A consciência mítica
A consciência mítica é pré-filosófica; é uma consciência ingênua, desprovida de problematização (o mito constitui a visão de mundo dos indivíduos pertencentes a determinada sociedade; ou o indivíduo é parte dessa cultura e aceita e adere ao mito como visão de mundo ou não pertence a ela. A aceitação se fazia pela crença ou pela fé). O saber era predominantemente dogmático, os comportamentos eram impostos pela crença ou pela tradição. É também uma consciência comunitária (o indivíduo se adapta sem crítica às normas da tradição), o homem não se percebia a si mesmo como sujeito e o coletivo tinha preponderância sobre o individual. 
Os narradores
O mito era narrado pelos poetas-rapsodos, a quem se atribuía autoridade porque sua palavra era sagrada, fruto da revelação divina. Eram, pois, recolhidos pela tradição e transmitidos oralmente. Um famoso poeta-rapsodo foi Homero, autor de dois poemas épicos, a Ilíada, que trata da guerra de Tróia, e da Odisséia, que trata do retorno de Ulisses a Ítaca, depois da guerra. 
As genealogias míticas
O mito narra a origem das coisas por meio de lutas, alianças e relações sexuais entre forças sobrenaturais que governam o mundo e o destino dos homens, ou encontrando recompensas e castigos que os deuses dão a quem lhes obedece ou desobedece. Na narrativa do mito de Pandora, por exemplo, encontra-se a explicação da origem dos males do mundo; no mito de Eros, a origem do amor. 
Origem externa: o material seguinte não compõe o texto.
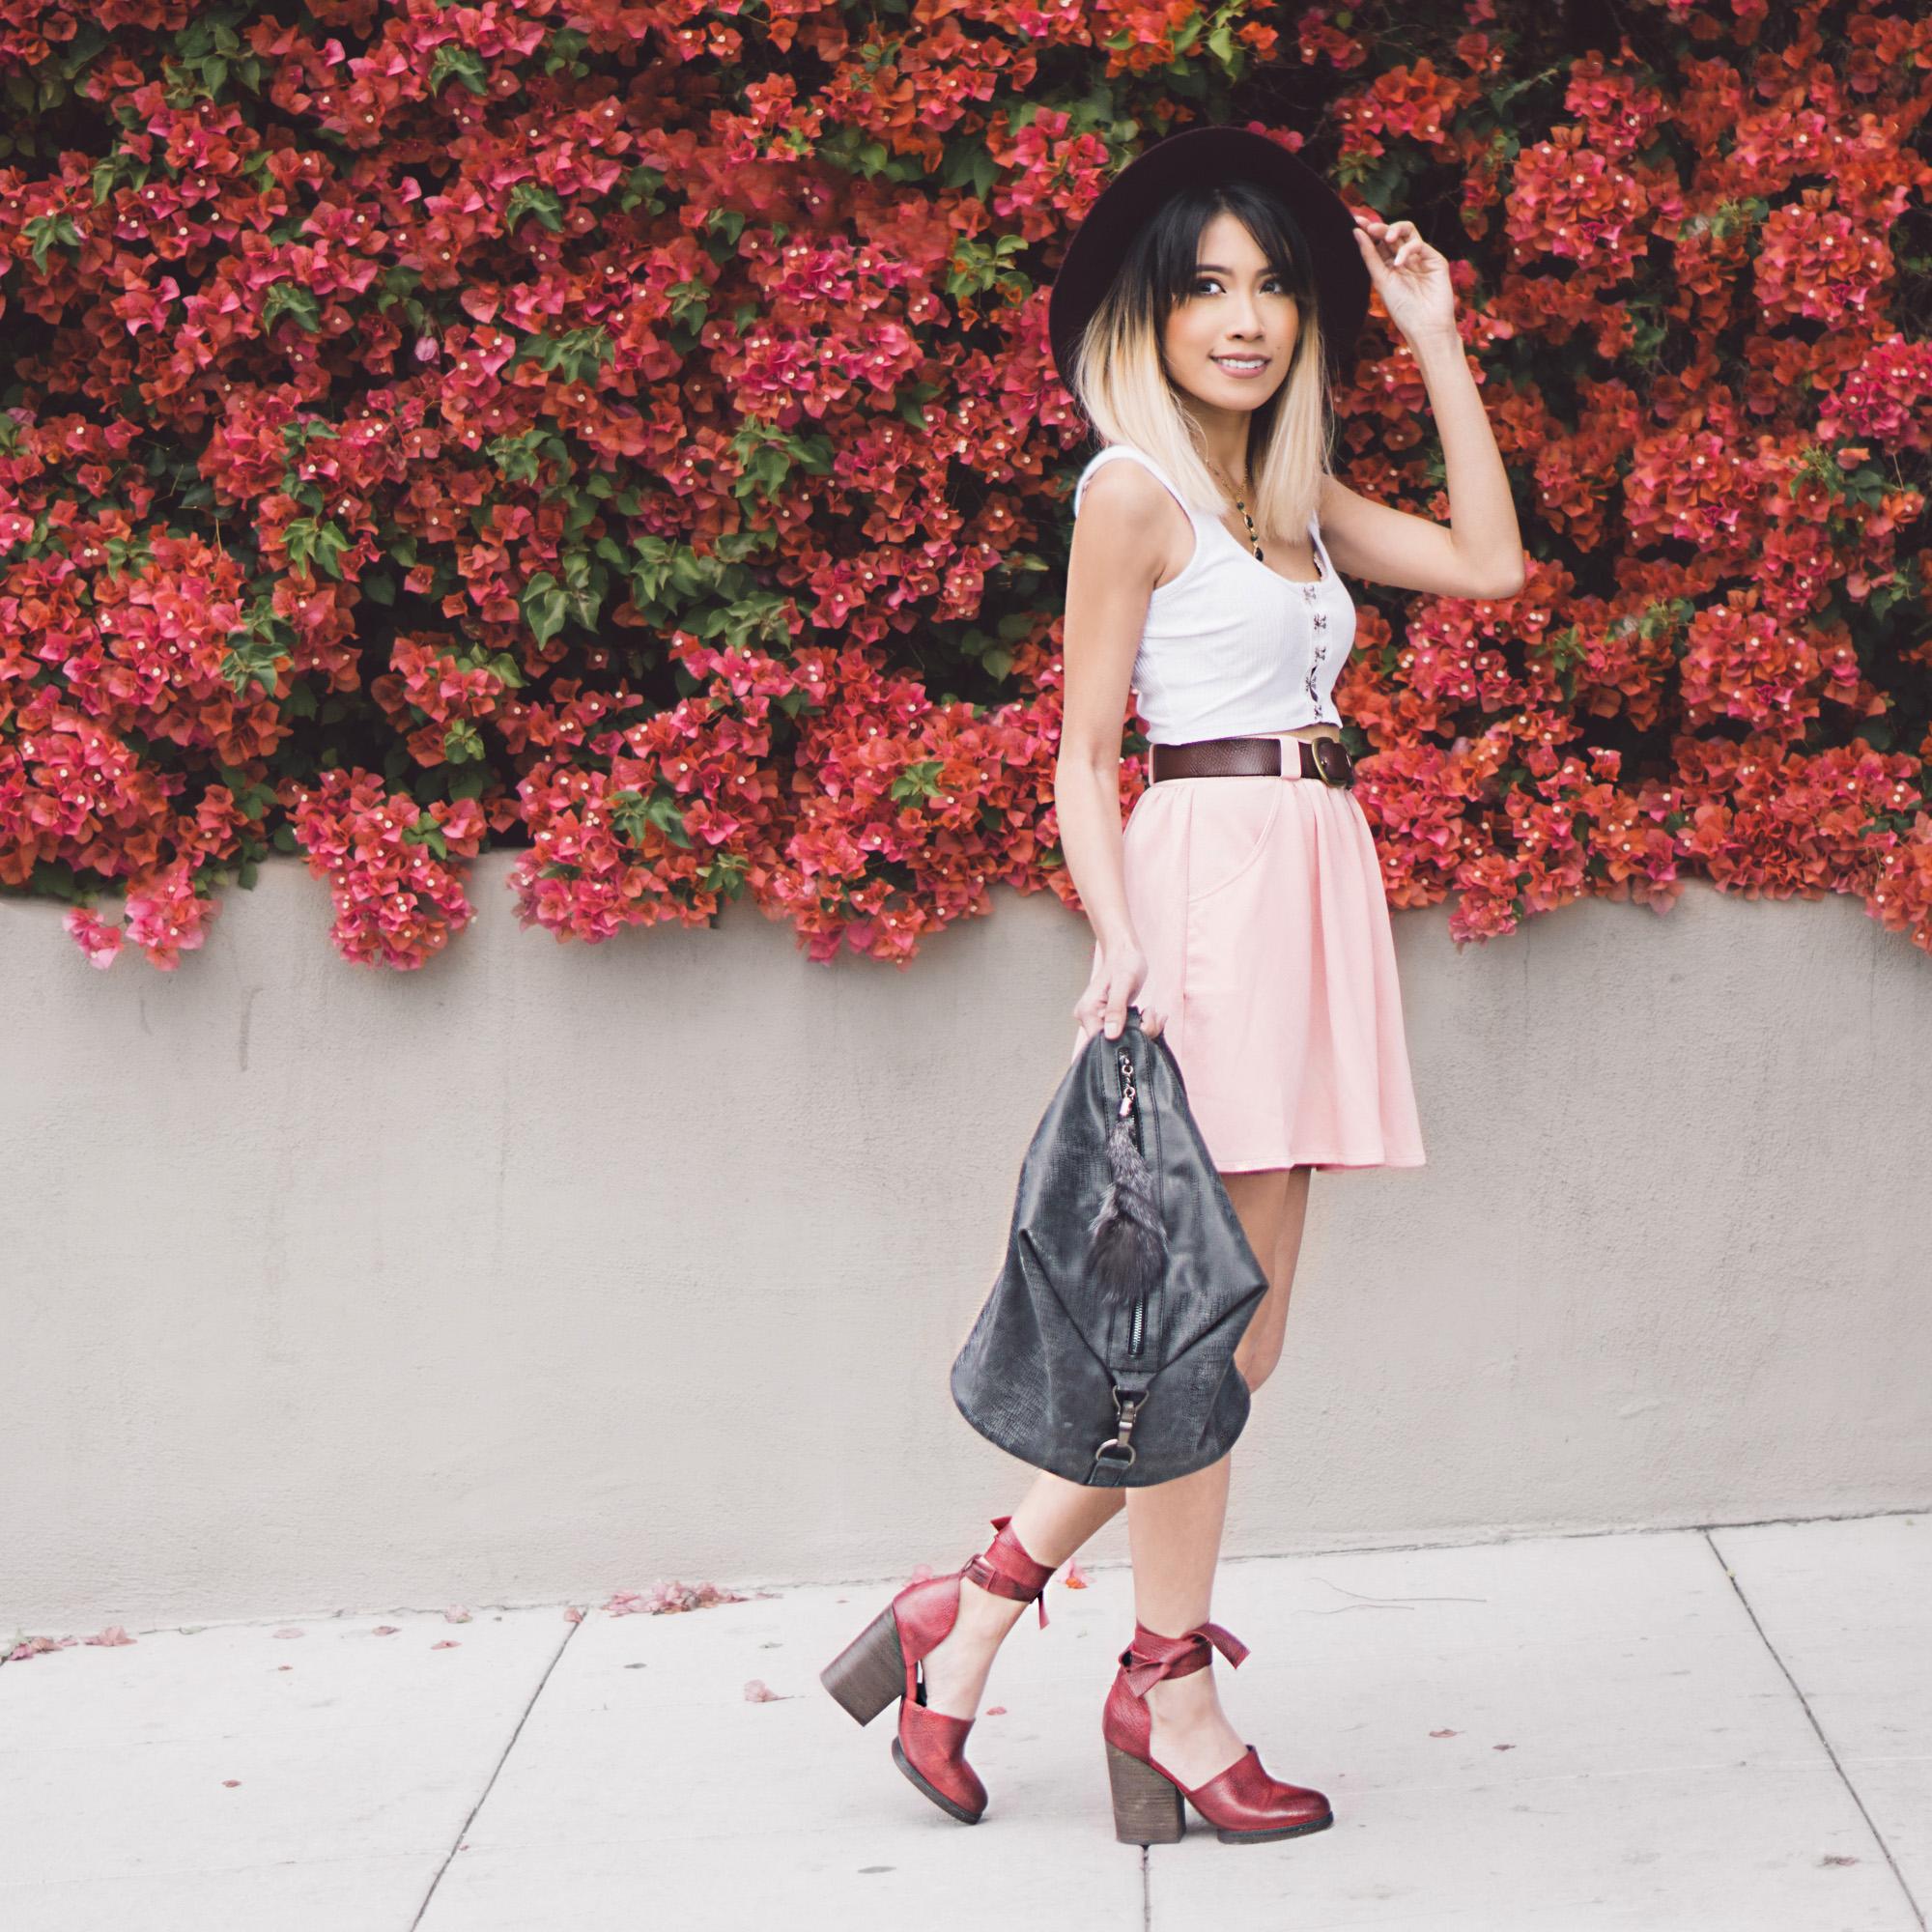 Hat :  Billabonog    Top :  Sunny Afternoon Cropped Tank Top    Skirt : (similar)  Myah Pleated Skater Skirt    Bag :  Cassi Draped Backpack Black    Shoes : (similar)  Cora Wrap Heel

As narrativas míticas sobre a origem do mundo e de tudo que nele existe são as genealogias. As genealogias podem ser cosmogonias (narrativa da geração do mundo a partir de forças divinas geradoras) e teogonias (narrativa da origem dos deuses a partir de seus pais ou antepassados). ATENÇÃO: A filosofia nasce como COSMOLOGIA. COSMOLOGIA é uma palavra que vem de dois termos gregos: KOSMOS E LOGOS. KOSMO significa ordem, beleza, harmonia, universo (Daí a palavra COSMÉTICO!). Em filosofia, KOSMO significa mundo ordenado, organizado. LOGOS, LOGIA significa discurso racional, pensamento racional. COSMOLOGIA, portanto, significa conhecimento racional da ordem do mundo, conjunto das teorias que tratam das leis do universo. A cosmologia é a explicação do mundo natural baseado em causas naturais e não na realidade misteriosa e exterior ao próprio mundo. Supõe a possibilidade do conhecimento do mundo como sistema e de sua expressão num discurso sistemático. 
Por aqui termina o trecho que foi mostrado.